Feature Transformation

🎯 Purpose¶

This guide outlines essential transformations to enhance model performance, enforce assumptions, and improve feature interpretability. It covers normalization, encoding, binning, polynomial expansion, and nonlinear transformations — supporting regression, classification, clustering, and time series.

⚖️ 1. Scaling and Normalization¶

Method	Use When
StandardScaler	For distance-based models (KMeans, SVM, PCA)
MinMaxScaler	When bounded output [0, 1] is required
RobustScaler	For skewed data or outliers
MaxAbsScaler	Sparse data, or features already centered

Snippet:¶

from sklearn.preprocessing import StandardScaler
scaler = StandardScaler()
X_scaled = scaler.fit_transform(X)

✔️ Always scale after train/test split (fit only on train!)

🧮 2. Encoding Categorical Features¶

Type	Best For	Notes
One-Hot	Low-cardinality nominal variables	Avoid with many unique categories
Ordinal	Ordered categories (e.g., rating 1-5)	Use with caution if order matters
Target Encoding	High-cardinality labels	Risk of leakage if not cross-val
Binary Hashing	Textual categorical compression	Good for NLP or wide tables

Snippet:¶

pd.get_dummies(df['color'], drop_first=True)

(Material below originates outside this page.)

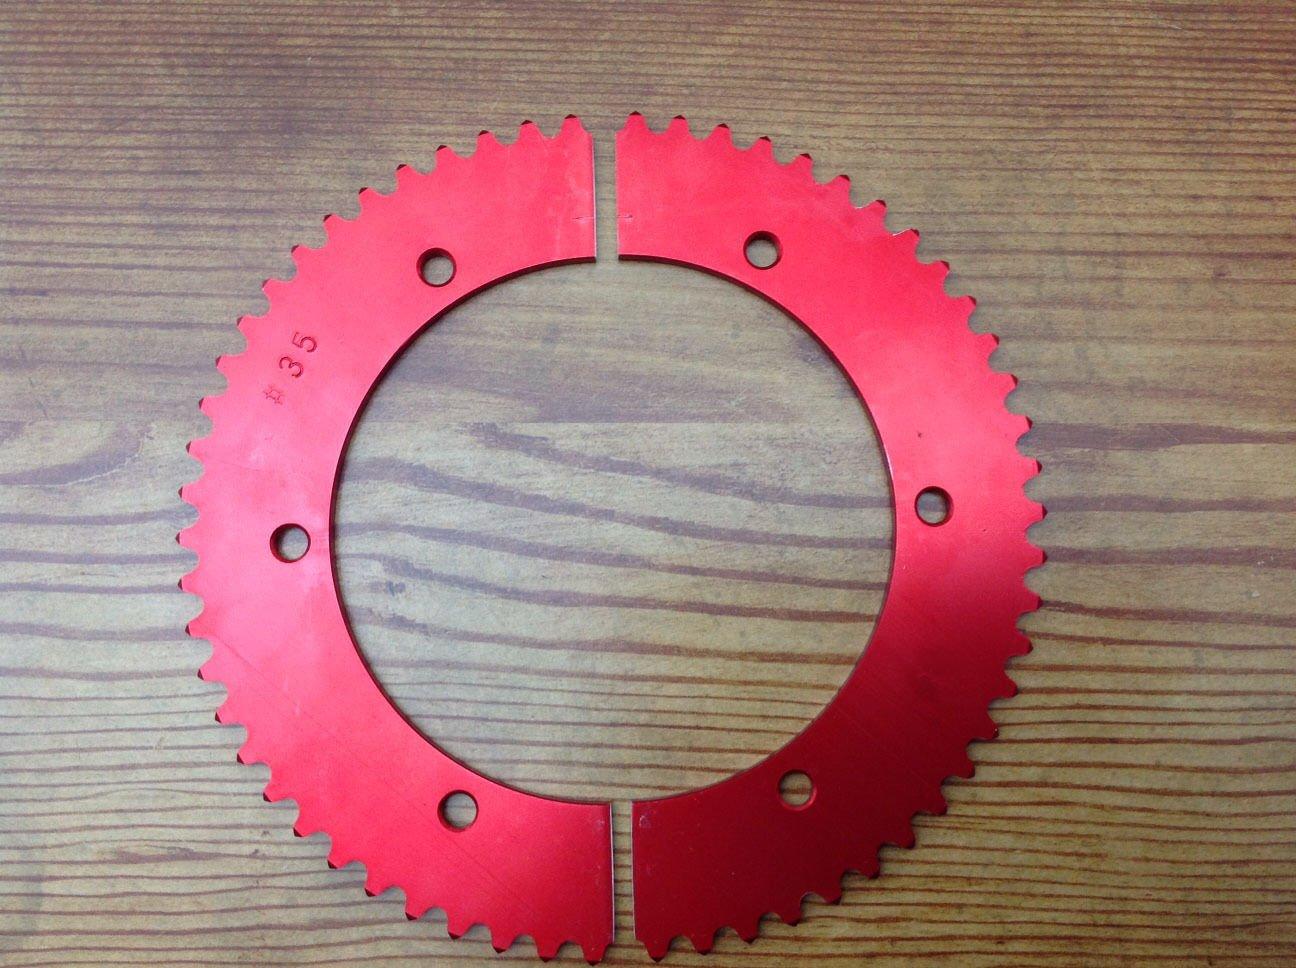 2-Piece #35 Pitch Split Go Kart Sprocket Red Anodized - Aluminum 77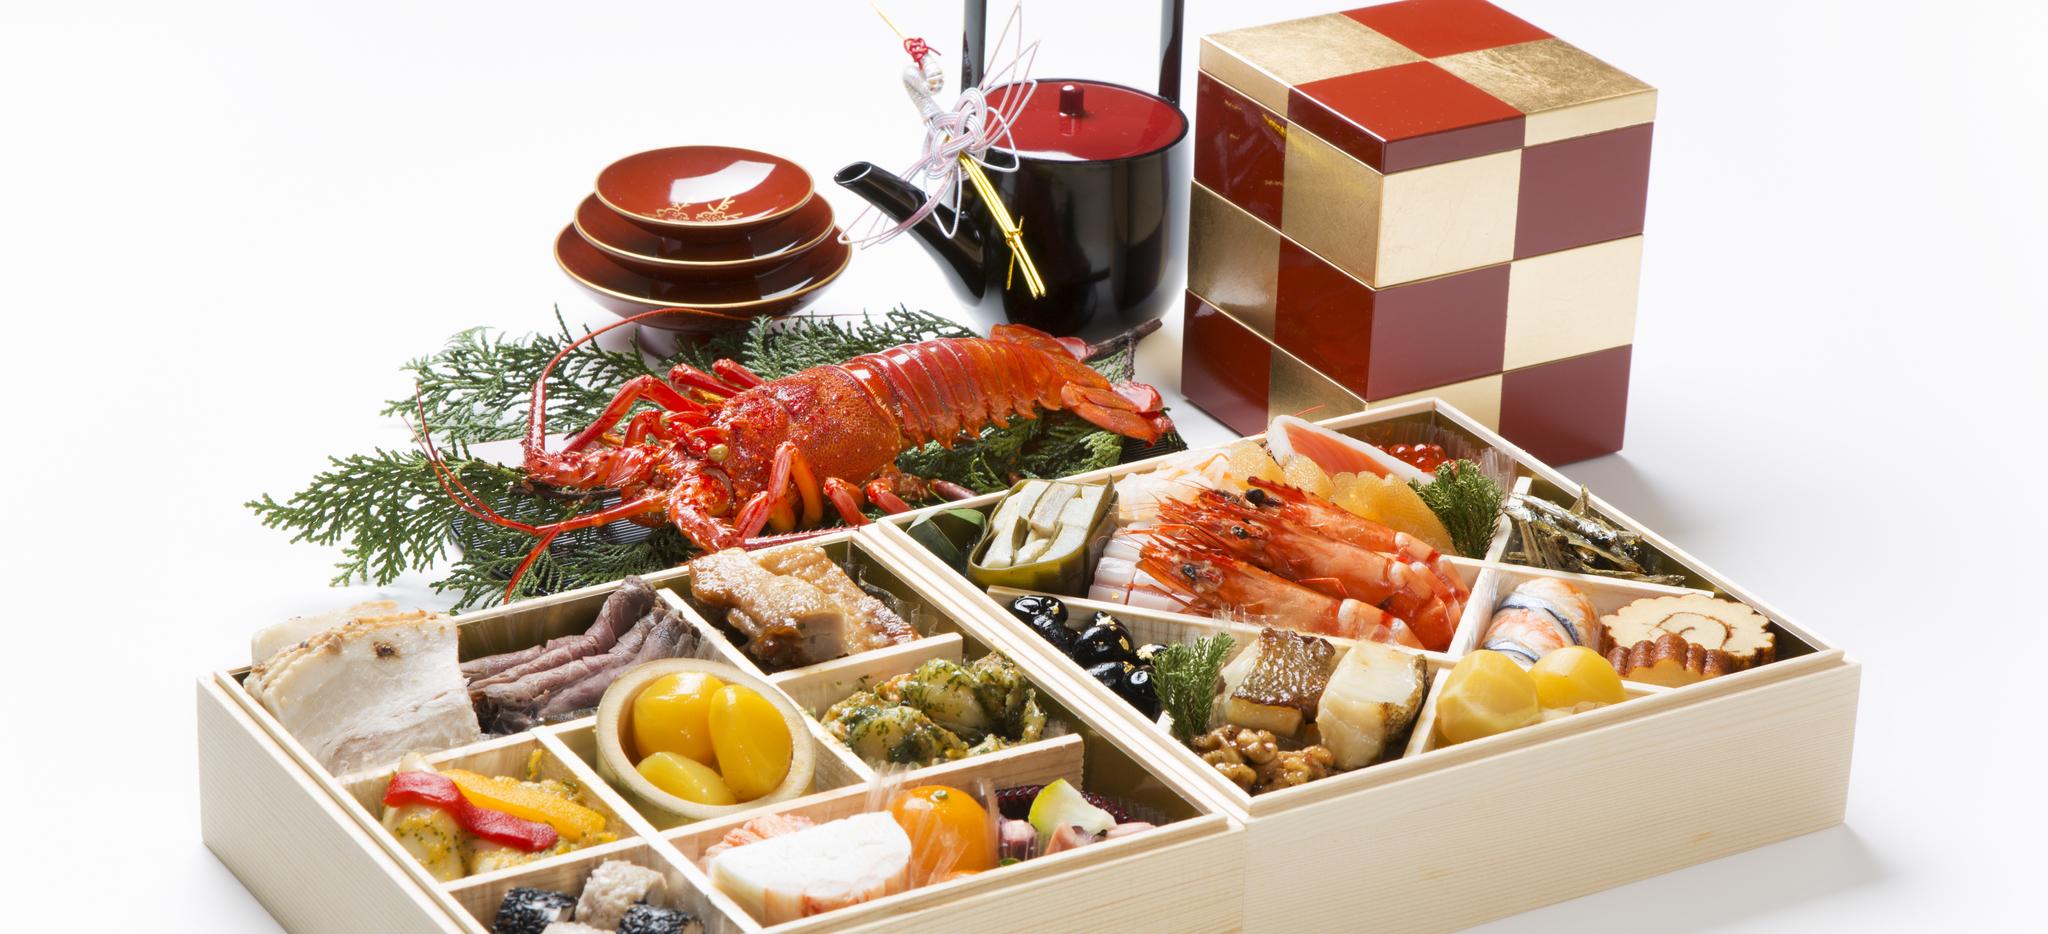 Osechi ryori Neujahrsessen in Japan

✔️ Always validate post-encoding shape and memory usage

📏 3. Binning and Grouping¶

Method	Use Case
Equal-width bins	Compress continuous values
Quantile bins	Rank-normalized distribution
Custom bins	Domain knowledge segmentation
Group rare levels	Categorical reduction before encoding

Example:¶

pd.qcut(df['age'], q=4, labels=False)

✔️ Useful for decision trees and interpretable dashboards

🔁 4. Polynomial & Interaction Features¶

Transformation	Benefit
Polynomial terms	Capture curvature (e.g., `x²`)
Interactions	Capture synergy (`x1 * x2`)
Splines	Smooth piecewise linearity
Log transforms	Linearize exponential relationships

Snippet:¶

from sklearn.preprocessing import PolynomialFeatures
poly = PolynomialFeatures(degree=2, include_bias=False)
X_poly = poly.fit_transform(X)

✔️ Beware of multicollinearity and feature explosion

🔄 5. Nonlinear & Power Transforms¶

Method	Use Case
Log	Right-skewed features, multiplicative
Sqrt	Positive-only data, mild skew
Box-Cox	Normalize + stabilize variance (positive only)
Yeo-Johnson	Same as Box-Cox, but supports zero/negatives

Snippet:¶

from sklearn.preprocessing import PowerTransformer
pt = PowerTransformer(method='yeo-johnson')
X_trans = pt.fit_transform(X)

✔️ Review skew before and after applying transformations

🧪 6. Time Features (Temporal Modeling)¶

Task	Transformation
Extract components	Hour, Day, Month, Year
Cyclical encoding	sin/cos for hour, day of week
Rolling aggregates	Mean, std, min, max (time windows)
Lag features	Previous value(s) of same variable

Example:¶

df['hour_sin'] = np.sin(2 * np.pi * df['hour'] / 24)
df['hour_cos'] = np.cos(2 * np.pi * df['hour'] / 24)

✔️ Consider time zo